● **Exercise objective**: Exercise in exact copying: restate word for word only the lines below from the one containing "鑫博奥ZHJK系列zhuanli型石墨酯化反应器设计图" through the one containing "Как определить электромеханическое", omitting any pictures.

● **Data shown**:
• • • •
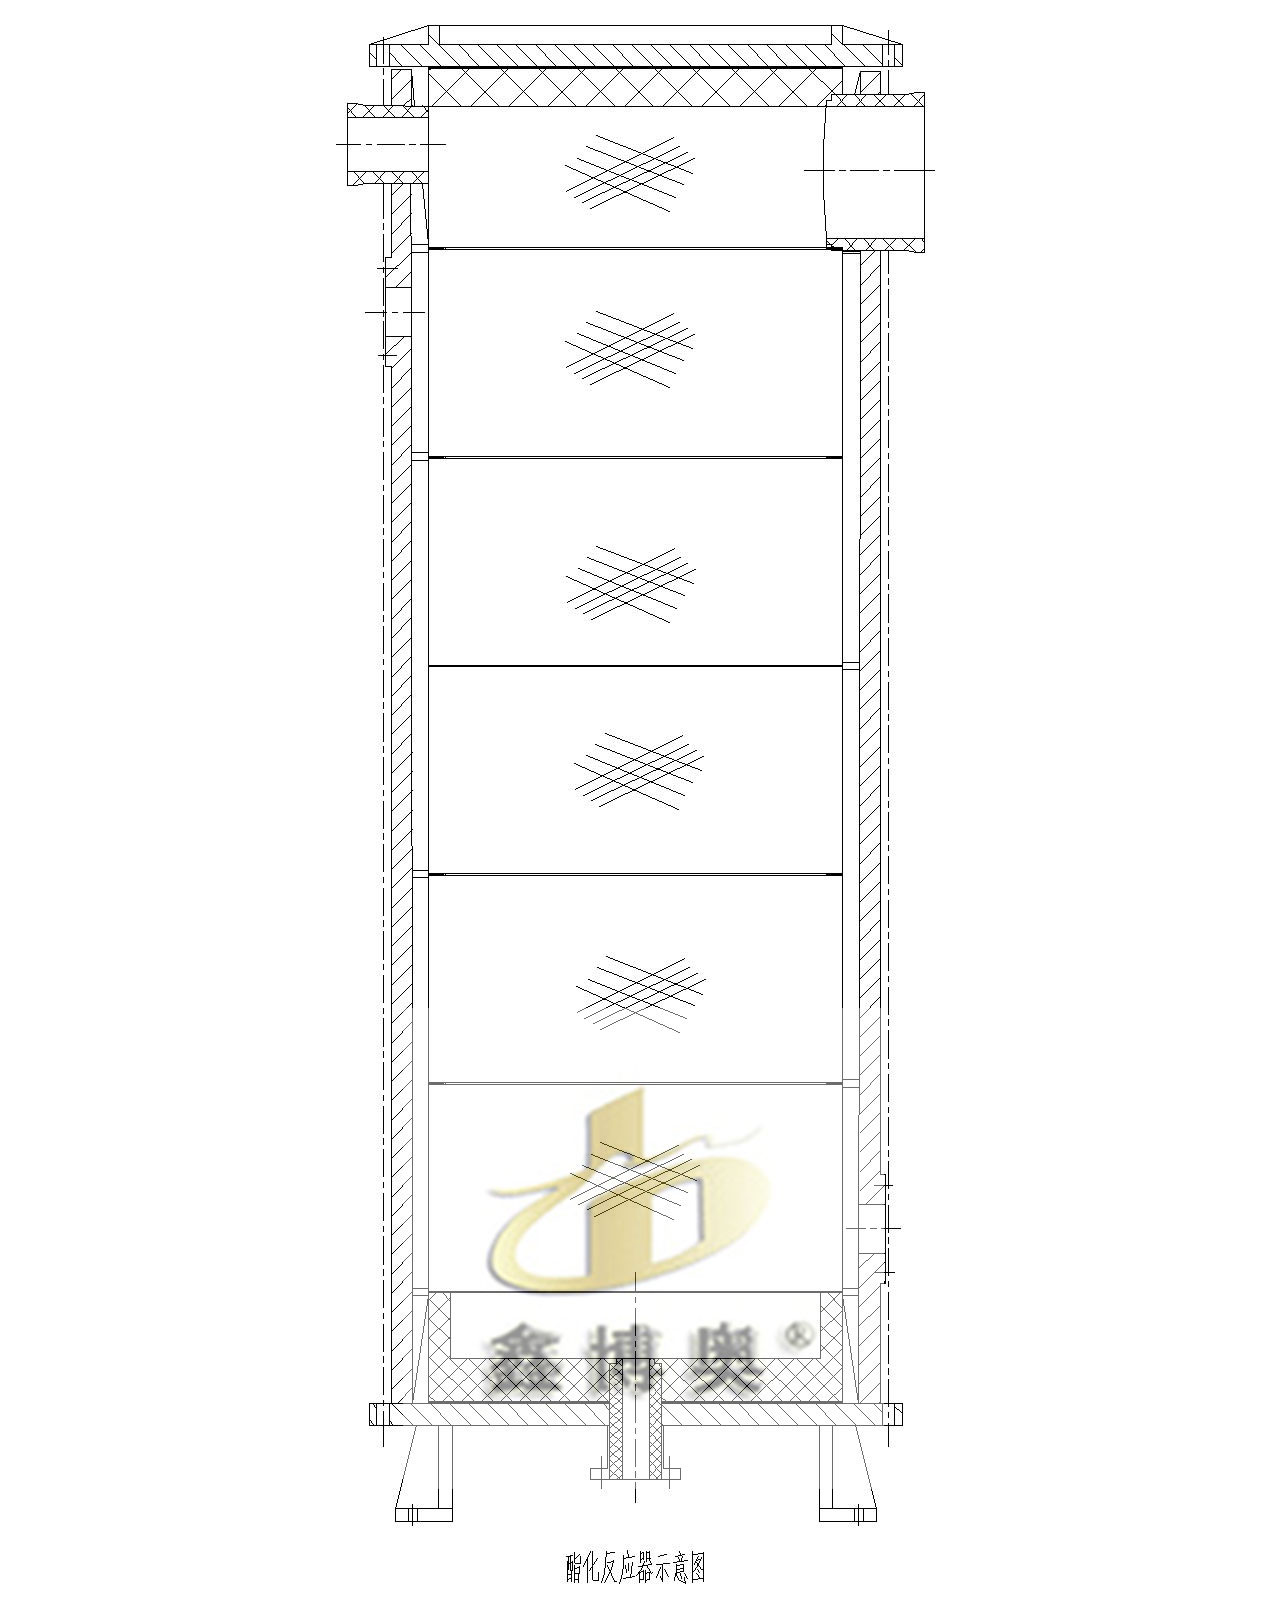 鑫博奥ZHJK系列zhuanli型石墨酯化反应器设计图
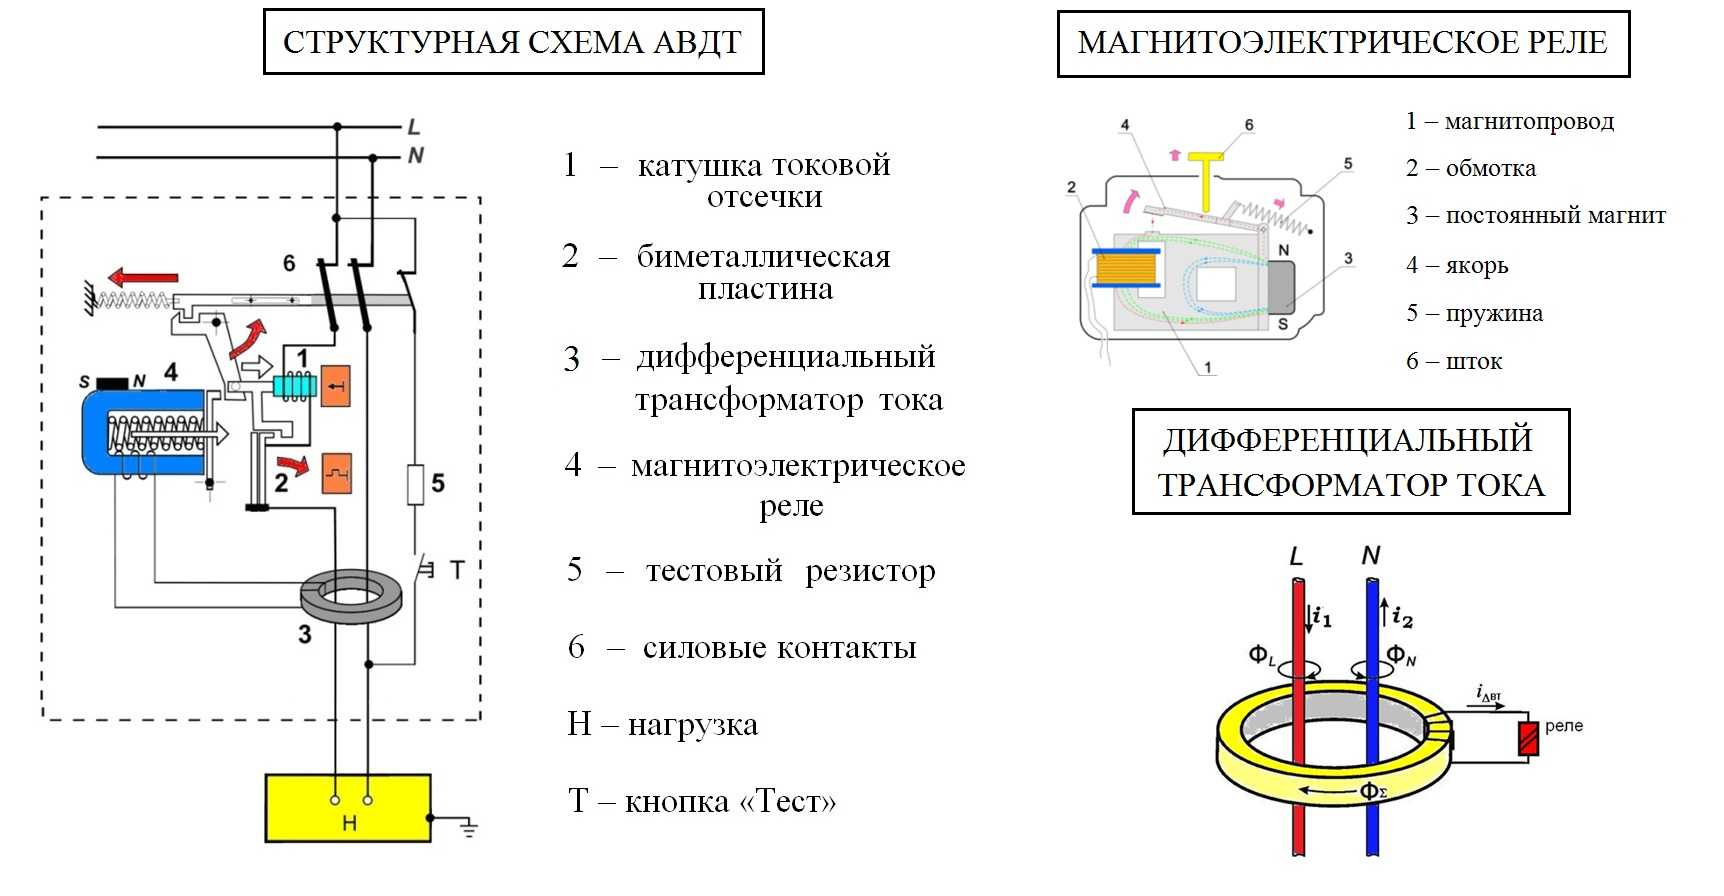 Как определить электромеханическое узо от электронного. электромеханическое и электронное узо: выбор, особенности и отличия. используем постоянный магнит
• • • •
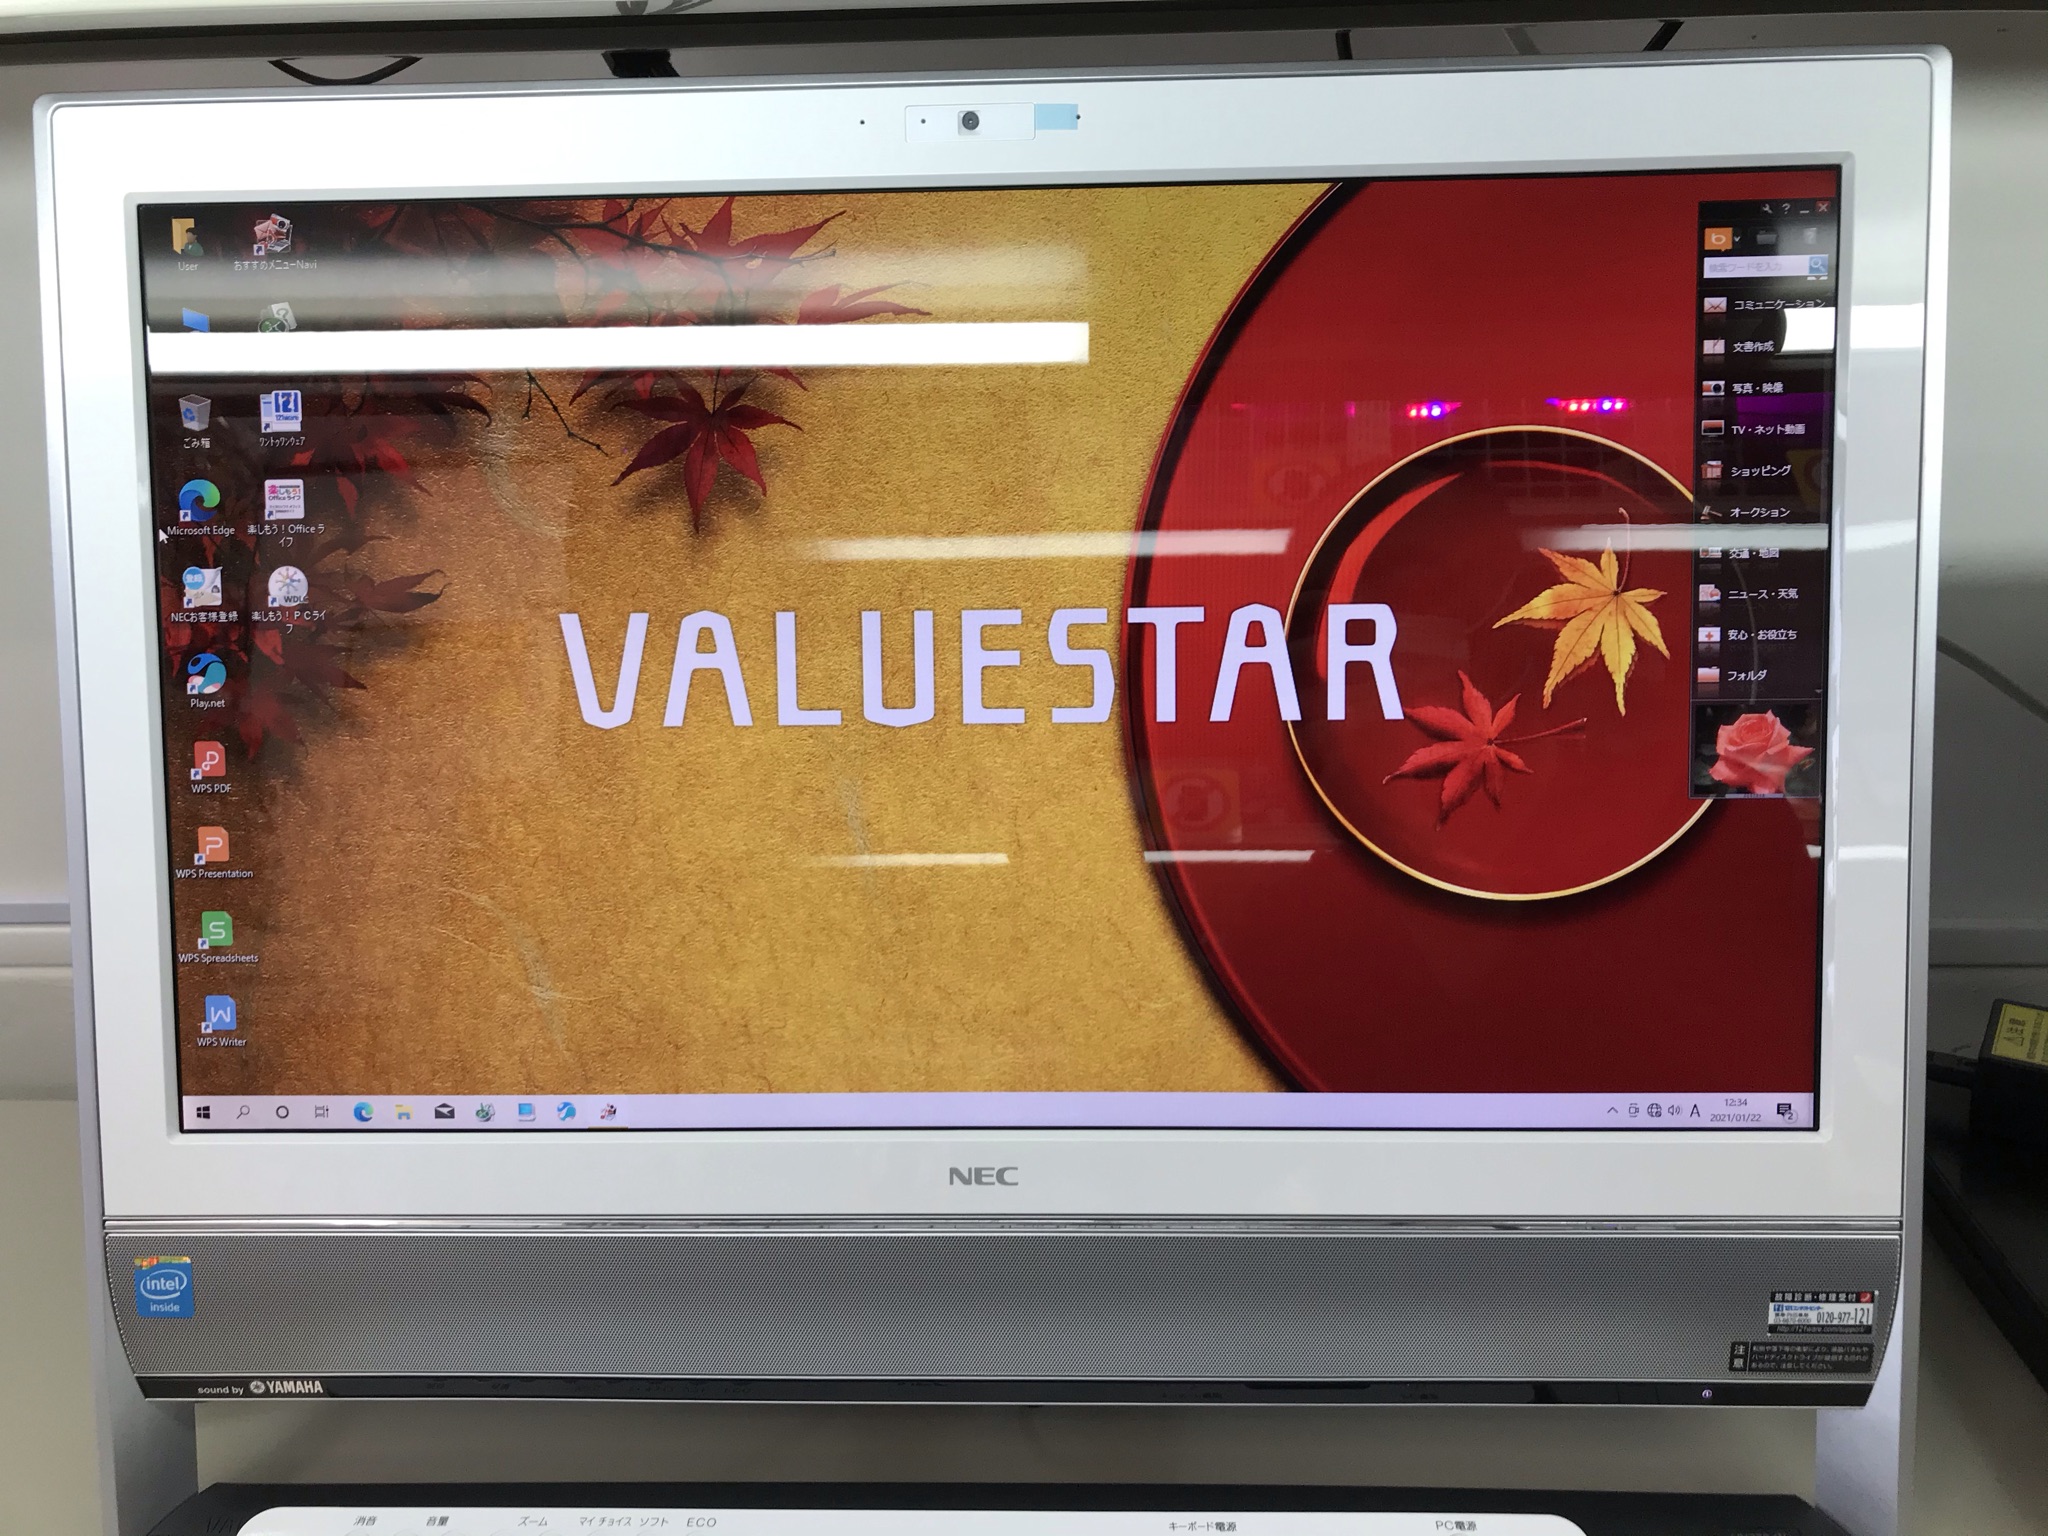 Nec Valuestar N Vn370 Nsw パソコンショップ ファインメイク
• • • •
● **Written response**:
 鑫博奥ZHJK系列zhuanli型石墨酯化反应器设计图
 Как определить электромеханическое узо от электронного. электромеханическое и электронное узо: выбор, особенности и отличия. используем постоянный магнит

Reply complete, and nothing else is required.